The Biden team’s planning comes as control of the United States Senate is set to be determined by two runoff elections in Georgia in early January. Republicans, who have held the Senate in 2015, need only to win one of the contests to maintain control of the chamber.

If the GOP were to retain control, many believe that some of Biden’s biggest campaign promises would be unlikely to receive congressional approval, especially on issues relating to climate change.

Biden, whose environmental agenda is heavily influenced by the recommendations of a unity task force set up with Sen. Bernie Sanders (I-VT) after the Democrat primaries, has proposed spending $2 trillion over four years to combat climate change.

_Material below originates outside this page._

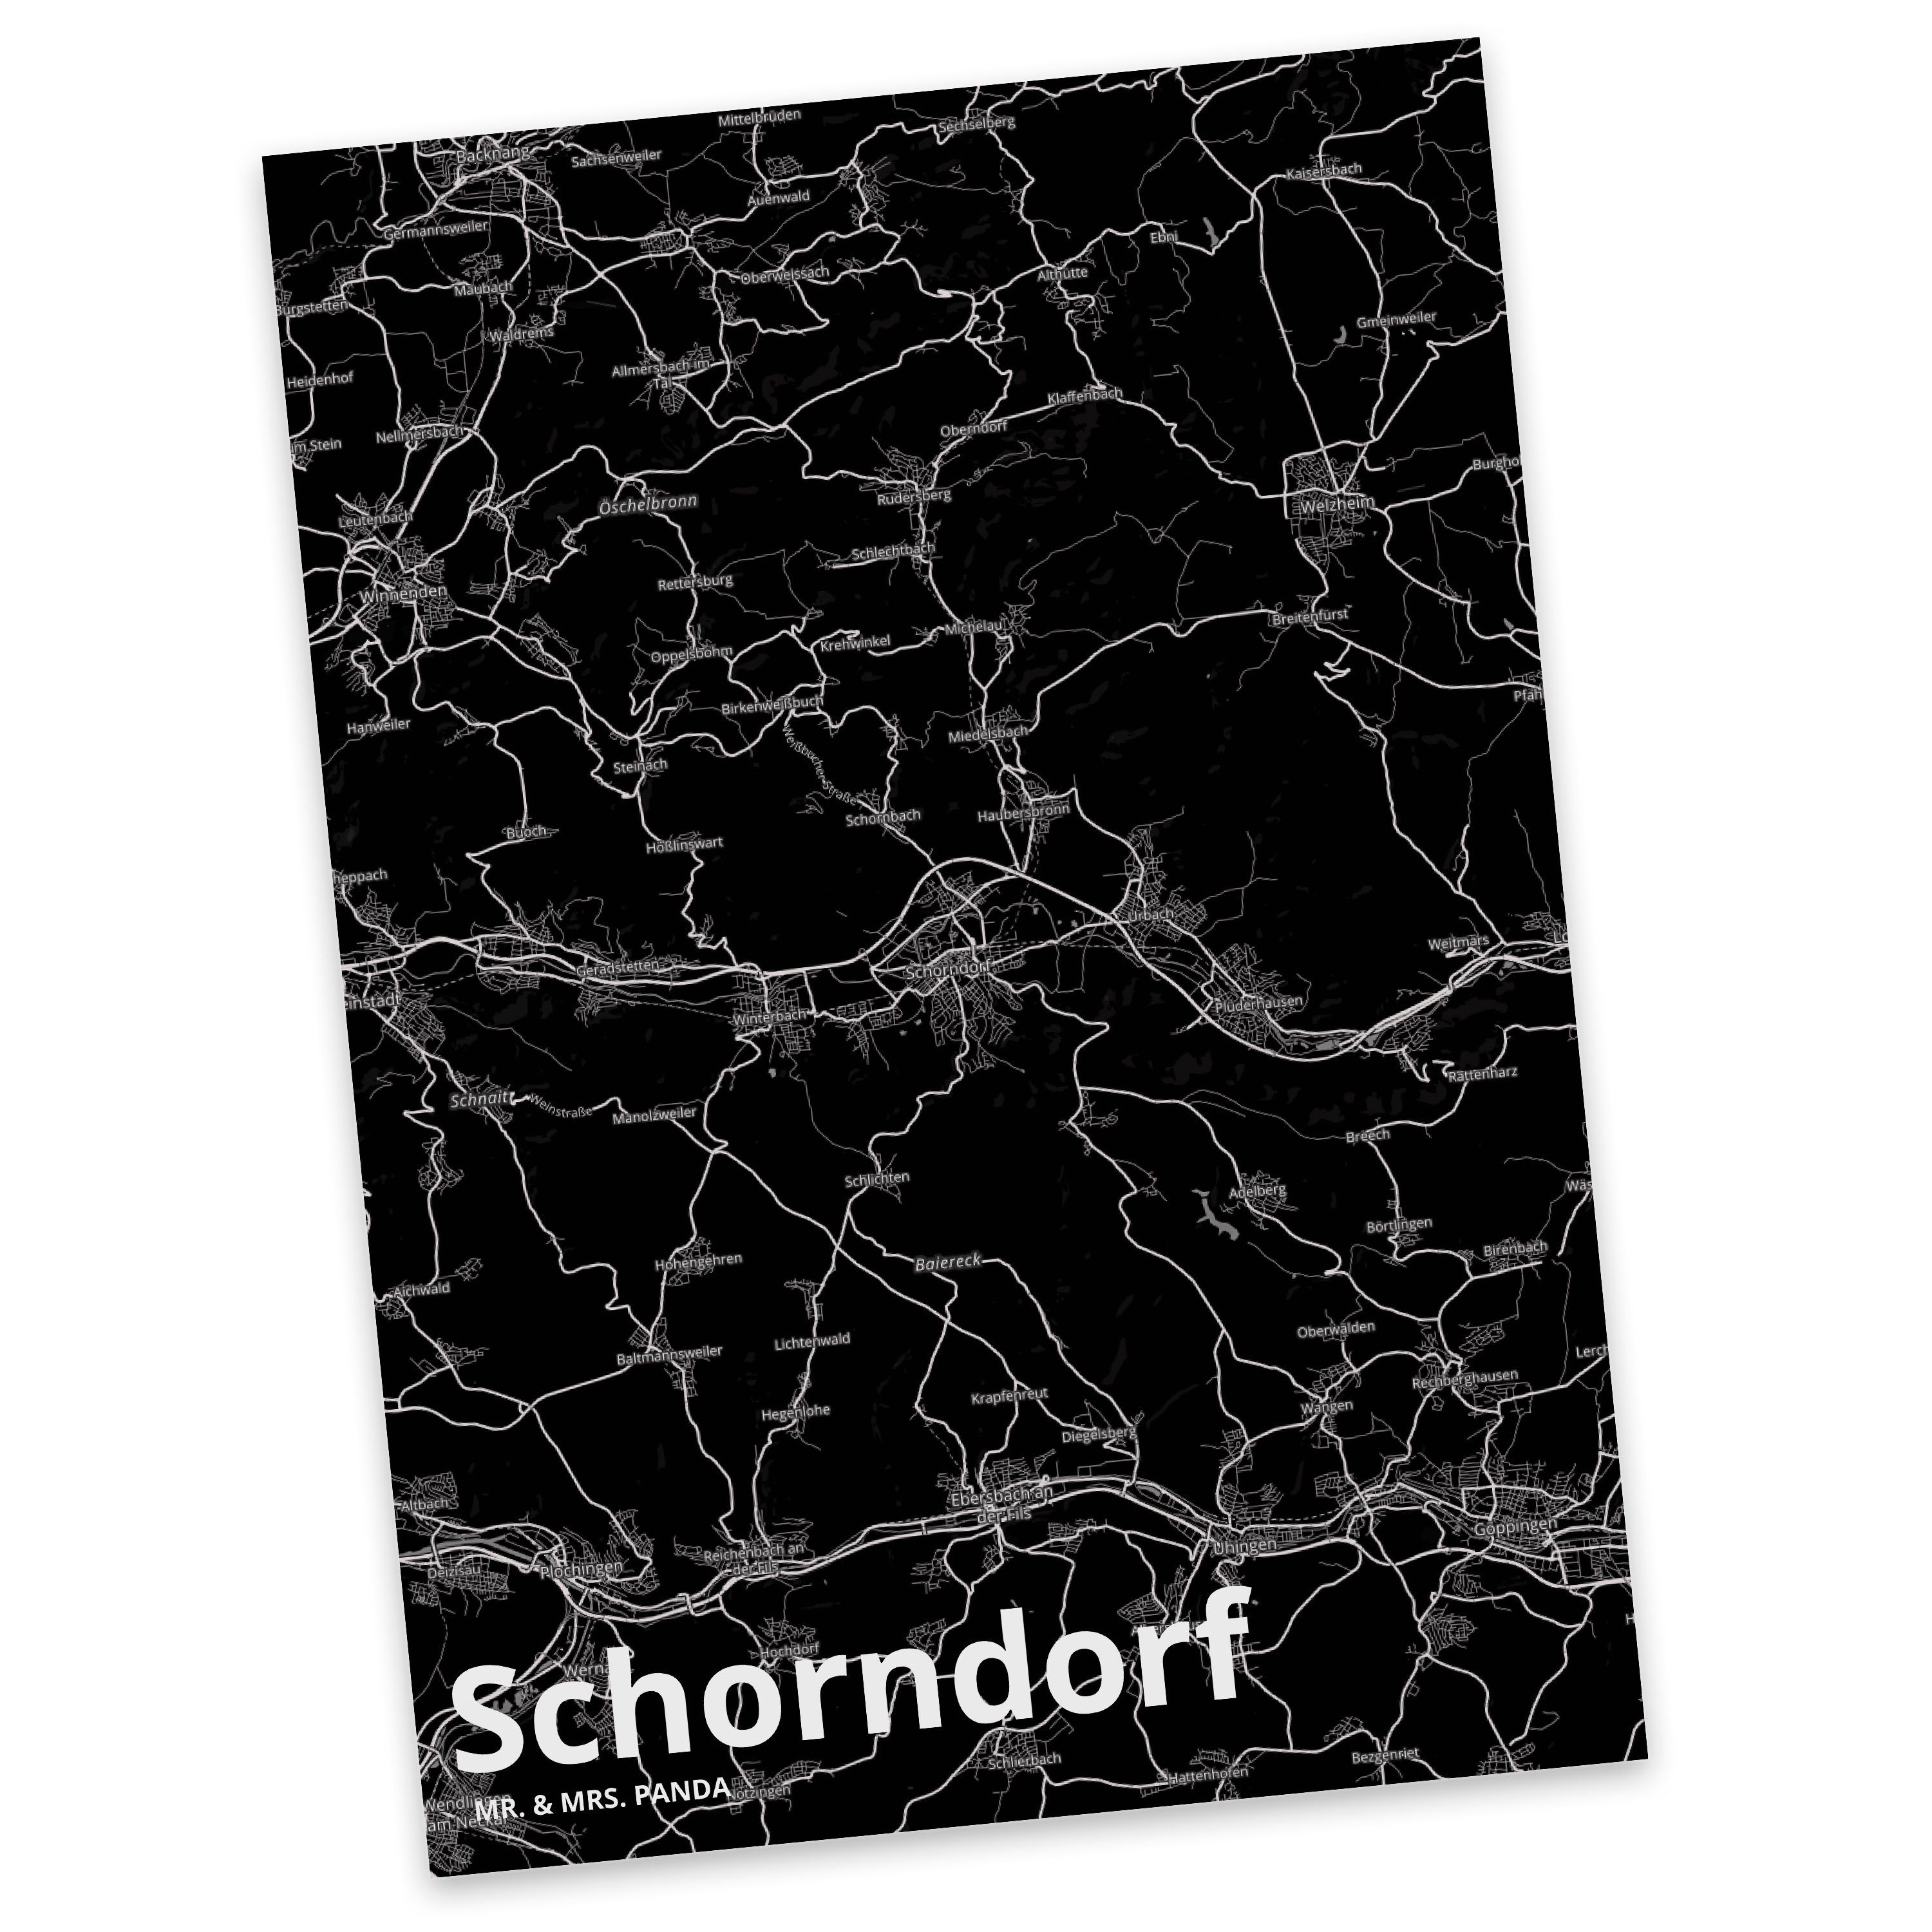 Mr. & Mrs. Panda Postkarte Schorndorf - Geschenk, Stadt, Ort, Stadt Dorf Karte Landkarte Map Sta

A major portion of the money will be used to create one million new jobs in the auto industry by boosting the production of energy-efficient vehicles. In order to achieve the goal, Biden is backing legislation, introduced by Senate Minority Leader Chuck Schumer (D-NY), to incentivize individuals to trade in their gas-powered vehicles for ones running on either electricity or hydrogen.

The former vice president has also proposed to adopt a 100 percent clean-electricity standard by 2035. A similar idea was initially raised by Gov. Jay Inslee (D-WA) during his own ill-fated run for the Democrat nomination in 2019. If implemented, it would ensure that all electricity produced in the United States would be “carbon-free.”

Such an ambitious agenda would likely be viewed negatively by Republicans, many of whom have expressed a desire to rein in federal spending.

Although GOP control of the Senate is by no means certain, as polling shows Democrats running close in both Georgia contests, Biden appears to be planning for it either way. For instance, the Washington Post reported last month that the former vice president’s team is readying a bevy of executive orders to issue on his first day in office.

Most of the orders deal with hot button topics, such as immigration and national security, where there is likely to be little bipartisan consensus, even if Republicans do not maintain control of the Senate.

Biden, in particular, plans to reverse some of the Trump administration’s key actions, including revoking protections for illegal immigrants through the Deferred Action for Childhood Arrivals (DACA) program and leaving the Paris Climate Accord.